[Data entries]
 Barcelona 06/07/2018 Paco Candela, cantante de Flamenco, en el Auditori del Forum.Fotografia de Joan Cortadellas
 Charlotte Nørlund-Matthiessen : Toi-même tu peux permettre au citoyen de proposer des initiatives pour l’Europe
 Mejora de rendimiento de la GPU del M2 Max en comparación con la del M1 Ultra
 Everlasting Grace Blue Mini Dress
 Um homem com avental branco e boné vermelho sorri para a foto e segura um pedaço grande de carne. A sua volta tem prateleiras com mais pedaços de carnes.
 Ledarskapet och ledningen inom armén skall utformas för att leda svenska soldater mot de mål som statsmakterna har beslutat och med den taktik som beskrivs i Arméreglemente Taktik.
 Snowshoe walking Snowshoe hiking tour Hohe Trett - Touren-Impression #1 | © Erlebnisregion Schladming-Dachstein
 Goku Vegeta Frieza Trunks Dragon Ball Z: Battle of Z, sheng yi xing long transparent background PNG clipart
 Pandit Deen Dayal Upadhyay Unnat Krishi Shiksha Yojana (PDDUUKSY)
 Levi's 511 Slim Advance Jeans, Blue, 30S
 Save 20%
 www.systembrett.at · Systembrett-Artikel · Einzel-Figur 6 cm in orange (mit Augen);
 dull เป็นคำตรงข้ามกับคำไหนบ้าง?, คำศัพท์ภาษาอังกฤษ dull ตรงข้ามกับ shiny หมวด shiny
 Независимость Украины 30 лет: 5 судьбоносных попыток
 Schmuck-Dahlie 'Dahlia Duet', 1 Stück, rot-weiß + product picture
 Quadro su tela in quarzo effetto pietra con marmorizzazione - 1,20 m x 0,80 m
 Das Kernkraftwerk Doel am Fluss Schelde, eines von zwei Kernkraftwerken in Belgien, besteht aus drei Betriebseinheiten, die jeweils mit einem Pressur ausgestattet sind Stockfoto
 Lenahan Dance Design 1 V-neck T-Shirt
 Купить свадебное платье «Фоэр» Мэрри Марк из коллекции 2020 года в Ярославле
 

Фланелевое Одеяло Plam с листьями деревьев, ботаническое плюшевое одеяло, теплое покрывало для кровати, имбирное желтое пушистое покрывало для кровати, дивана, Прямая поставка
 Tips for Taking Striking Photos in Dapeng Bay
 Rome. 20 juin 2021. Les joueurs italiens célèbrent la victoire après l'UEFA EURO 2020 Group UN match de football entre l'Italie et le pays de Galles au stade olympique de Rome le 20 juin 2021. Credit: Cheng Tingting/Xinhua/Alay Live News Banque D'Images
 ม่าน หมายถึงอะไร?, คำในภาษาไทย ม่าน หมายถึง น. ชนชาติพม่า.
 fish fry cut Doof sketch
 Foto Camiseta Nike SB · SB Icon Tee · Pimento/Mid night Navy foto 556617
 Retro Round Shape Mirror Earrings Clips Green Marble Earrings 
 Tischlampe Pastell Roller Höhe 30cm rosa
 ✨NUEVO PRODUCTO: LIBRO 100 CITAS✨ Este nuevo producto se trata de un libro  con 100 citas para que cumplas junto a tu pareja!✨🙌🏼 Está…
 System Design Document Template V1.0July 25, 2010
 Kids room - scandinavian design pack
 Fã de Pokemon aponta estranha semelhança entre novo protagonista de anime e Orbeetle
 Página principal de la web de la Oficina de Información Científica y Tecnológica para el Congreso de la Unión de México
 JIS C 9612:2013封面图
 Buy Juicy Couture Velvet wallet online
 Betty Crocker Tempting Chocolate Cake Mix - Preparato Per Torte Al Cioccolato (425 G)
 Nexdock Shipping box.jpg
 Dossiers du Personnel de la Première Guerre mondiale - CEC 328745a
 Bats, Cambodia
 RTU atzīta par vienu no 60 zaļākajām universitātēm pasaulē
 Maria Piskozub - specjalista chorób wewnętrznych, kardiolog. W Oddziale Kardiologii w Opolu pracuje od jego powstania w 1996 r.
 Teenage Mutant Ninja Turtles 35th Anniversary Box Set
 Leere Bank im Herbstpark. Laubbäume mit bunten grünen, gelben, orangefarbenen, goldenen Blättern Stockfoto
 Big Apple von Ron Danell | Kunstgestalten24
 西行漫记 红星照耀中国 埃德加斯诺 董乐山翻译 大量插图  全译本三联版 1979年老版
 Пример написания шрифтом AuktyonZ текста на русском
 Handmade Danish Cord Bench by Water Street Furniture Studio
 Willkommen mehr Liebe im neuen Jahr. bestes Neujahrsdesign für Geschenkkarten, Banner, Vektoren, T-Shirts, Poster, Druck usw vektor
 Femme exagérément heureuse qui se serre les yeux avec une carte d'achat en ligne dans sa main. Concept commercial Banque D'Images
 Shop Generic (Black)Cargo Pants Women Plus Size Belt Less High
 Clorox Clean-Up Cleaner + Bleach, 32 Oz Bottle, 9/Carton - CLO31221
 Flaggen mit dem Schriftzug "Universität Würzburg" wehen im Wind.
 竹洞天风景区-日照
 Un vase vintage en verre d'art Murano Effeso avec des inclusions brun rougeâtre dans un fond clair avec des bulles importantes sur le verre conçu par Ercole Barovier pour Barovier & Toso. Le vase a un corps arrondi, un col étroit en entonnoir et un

▶ TASK TO COMPLETE: Copy every line in the records above that contains the word "Stockfoto".

▶ FINAL ANSWER:
 Das Kernkraftwerk Doel am Fluss Schelde, eines von zwei Kernkraftwerken in Belgien, besteht aus drei Betriebseinheiten, die jeweils mit einem Pressur ausgestattet sind Stockfoto
 Leere Bank im Herbstpark. Laubbäume mit bunten grünen, gelben, orangefarbenen, goldenen Blättern Stockfoto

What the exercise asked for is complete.